Pull out every line with the word "background" from the entries below.

Data for processing START

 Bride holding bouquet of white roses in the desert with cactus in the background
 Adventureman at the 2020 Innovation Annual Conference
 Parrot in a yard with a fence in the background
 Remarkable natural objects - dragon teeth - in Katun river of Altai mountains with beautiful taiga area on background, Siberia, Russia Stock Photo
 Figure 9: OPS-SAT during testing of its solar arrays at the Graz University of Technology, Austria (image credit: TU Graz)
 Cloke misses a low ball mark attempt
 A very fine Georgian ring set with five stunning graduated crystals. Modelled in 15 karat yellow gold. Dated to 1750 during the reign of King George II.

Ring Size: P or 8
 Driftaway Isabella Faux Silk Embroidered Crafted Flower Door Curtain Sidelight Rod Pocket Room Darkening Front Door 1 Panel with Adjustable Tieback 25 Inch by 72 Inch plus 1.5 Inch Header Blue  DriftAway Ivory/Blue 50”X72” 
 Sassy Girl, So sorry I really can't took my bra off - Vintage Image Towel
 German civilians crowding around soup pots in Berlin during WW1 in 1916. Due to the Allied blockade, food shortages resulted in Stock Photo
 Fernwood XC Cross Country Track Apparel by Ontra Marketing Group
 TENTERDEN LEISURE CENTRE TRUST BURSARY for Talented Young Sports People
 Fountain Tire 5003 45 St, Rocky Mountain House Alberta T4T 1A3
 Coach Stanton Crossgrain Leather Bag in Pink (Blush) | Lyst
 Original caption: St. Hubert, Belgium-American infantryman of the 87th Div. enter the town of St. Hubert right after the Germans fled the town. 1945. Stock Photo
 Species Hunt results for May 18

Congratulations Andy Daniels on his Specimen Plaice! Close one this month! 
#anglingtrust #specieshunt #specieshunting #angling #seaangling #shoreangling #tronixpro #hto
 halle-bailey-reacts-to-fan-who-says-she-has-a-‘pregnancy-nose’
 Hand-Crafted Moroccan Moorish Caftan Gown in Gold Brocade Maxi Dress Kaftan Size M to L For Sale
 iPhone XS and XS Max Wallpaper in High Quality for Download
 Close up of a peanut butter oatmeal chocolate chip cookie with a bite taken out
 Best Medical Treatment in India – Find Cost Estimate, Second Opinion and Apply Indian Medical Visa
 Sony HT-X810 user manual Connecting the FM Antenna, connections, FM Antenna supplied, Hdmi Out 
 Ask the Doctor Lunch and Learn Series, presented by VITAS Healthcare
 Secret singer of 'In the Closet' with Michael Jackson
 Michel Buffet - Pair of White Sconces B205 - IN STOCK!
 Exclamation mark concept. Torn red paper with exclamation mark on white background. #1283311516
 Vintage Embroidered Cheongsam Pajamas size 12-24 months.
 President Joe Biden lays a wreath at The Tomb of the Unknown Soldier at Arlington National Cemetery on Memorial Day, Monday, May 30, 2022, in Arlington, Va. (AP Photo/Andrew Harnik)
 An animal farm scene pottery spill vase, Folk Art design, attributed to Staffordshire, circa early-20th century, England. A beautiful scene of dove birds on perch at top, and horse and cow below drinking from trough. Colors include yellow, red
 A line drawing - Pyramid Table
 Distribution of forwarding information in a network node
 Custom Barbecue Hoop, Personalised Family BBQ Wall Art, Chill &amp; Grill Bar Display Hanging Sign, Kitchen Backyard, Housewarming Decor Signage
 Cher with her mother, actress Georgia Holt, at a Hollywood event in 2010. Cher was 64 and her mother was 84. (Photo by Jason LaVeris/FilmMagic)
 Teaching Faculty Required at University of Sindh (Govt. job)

Data for processing END

Output for this exercise:
 Bride holding bouquet of white roses in the desert with cactus in the background
 Parrot in a yard with a fence in the background
 Remarkable natural objects - dragon teeth - in Katun river of Altai mountains with beautiful taiga area on background, Siberia, Russia Stock Photo
 Exclamation mark concept. Torn red paper with exclamation mark on white background. #1283311516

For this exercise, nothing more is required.